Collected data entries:
========================================================================
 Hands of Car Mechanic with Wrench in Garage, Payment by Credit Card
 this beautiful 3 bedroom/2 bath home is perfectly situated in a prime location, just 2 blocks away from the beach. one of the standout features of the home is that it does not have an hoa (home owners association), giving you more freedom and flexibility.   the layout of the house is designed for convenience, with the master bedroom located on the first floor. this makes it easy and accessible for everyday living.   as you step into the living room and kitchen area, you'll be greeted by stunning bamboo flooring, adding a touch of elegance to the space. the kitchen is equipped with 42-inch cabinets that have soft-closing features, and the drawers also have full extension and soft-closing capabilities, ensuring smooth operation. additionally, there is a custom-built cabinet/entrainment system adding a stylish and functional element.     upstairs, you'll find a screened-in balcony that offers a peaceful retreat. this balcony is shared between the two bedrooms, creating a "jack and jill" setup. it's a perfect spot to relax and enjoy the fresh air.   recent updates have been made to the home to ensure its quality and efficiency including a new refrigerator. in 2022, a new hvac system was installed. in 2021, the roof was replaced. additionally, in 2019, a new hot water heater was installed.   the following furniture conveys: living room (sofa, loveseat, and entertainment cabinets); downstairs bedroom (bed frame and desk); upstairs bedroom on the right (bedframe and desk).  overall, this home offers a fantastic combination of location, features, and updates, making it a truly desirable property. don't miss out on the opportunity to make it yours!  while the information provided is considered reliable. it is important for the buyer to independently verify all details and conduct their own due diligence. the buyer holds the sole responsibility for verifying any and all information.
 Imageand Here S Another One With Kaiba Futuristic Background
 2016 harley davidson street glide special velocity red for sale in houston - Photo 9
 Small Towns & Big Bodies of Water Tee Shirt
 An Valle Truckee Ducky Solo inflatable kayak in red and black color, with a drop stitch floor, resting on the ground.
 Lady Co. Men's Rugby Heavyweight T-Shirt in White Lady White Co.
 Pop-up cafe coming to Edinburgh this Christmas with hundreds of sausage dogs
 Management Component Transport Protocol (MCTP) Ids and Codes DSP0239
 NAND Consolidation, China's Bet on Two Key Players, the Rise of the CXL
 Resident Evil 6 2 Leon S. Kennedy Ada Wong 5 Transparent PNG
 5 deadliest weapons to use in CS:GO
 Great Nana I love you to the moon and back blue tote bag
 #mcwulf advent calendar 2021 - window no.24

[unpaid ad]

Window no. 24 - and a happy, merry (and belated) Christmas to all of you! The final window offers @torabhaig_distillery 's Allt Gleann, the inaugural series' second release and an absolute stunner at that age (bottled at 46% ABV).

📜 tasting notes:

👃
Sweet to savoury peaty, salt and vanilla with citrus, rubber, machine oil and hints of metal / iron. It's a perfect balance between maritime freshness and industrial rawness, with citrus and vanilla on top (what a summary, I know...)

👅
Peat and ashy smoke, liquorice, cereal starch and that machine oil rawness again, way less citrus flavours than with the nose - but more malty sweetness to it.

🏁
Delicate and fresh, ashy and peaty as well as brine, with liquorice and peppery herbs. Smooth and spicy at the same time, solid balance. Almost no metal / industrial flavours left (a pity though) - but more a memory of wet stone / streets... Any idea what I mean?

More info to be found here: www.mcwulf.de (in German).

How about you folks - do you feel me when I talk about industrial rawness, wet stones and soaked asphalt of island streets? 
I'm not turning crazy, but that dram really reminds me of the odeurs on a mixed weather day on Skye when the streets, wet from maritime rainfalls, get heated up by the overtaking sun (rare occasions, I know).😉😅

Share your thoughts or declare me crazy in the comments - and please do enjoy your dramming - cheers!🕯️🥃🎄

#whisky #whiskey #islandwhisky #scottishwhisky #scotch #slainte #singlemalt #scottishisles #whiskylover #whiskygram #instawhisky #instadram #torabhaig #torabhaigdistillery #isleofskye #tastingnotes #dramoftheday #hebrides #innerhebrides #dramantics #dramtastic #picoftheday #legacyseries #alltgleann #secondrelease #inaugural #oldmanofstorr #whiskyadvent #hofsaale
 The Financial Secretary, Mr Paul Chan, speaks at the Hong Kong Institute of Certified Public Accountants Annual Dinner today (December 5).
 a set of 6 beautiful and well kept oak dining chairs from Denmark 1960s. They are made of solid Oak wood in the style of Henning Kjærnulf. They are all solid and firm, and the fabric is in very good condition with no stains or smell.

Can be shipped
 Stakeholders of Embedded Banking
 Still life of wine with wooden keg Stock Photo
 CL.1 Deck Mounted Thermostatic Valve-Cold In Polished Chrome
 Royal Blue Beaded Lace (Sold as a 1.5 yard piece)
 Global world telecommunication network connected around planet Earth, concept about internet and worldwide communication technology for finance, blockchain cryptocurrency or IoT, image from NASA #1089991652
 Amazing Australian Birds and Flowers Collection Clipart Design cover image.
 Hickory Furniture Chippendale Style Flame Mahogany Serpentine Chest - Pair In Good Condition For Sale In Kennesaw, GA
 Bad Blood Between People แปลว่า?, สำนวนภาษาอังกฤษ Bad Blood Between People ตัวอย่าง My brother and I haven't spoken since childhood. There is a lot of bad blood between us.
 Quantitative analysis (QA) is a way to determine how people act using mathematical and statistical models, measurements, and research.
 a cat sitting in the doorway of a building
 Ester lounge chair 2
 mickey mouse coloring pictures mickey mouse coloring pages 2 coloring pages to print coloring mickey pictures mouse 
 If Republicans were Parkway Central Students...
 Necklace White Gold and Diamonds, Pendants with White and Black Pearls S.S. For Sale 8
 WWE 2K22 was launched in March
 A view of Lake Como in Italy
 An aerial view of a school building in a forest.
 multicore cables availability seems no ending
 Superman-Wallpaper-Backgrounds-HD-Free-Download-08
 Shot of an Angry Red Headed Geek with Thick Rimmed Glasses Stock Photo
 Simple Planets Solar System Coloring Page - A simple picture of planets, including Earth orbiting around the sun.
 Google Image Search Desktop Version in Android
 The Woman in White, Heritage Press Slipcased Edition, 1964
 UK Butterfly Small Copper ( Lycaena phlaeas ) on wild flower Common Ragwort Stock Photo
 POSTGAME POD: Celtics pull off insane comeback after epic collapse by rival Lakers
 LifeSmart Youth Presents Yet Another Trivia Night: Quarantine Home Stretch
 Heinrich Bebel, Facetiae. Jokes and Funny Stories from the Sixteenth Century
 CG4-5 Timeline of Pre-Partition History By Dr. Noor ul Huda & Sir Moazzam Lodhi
========================================================================
# Work item
The answer must be every line of the data that holds the word "citrus".

# Expected answer
Sweet to savoury peaty, salt and vanilla with citrus, rubber, machine oil and hints of metal / iron. It's a perfect balance between maritime freshness and industrial rawness, with citrus and vanilla on top (what a summary, I know...)
Peat and ashy smoke, liquorice, cereal starch and that machine oil rawness again, way less citrus flavours than with the nose - but more malty sweetness to it.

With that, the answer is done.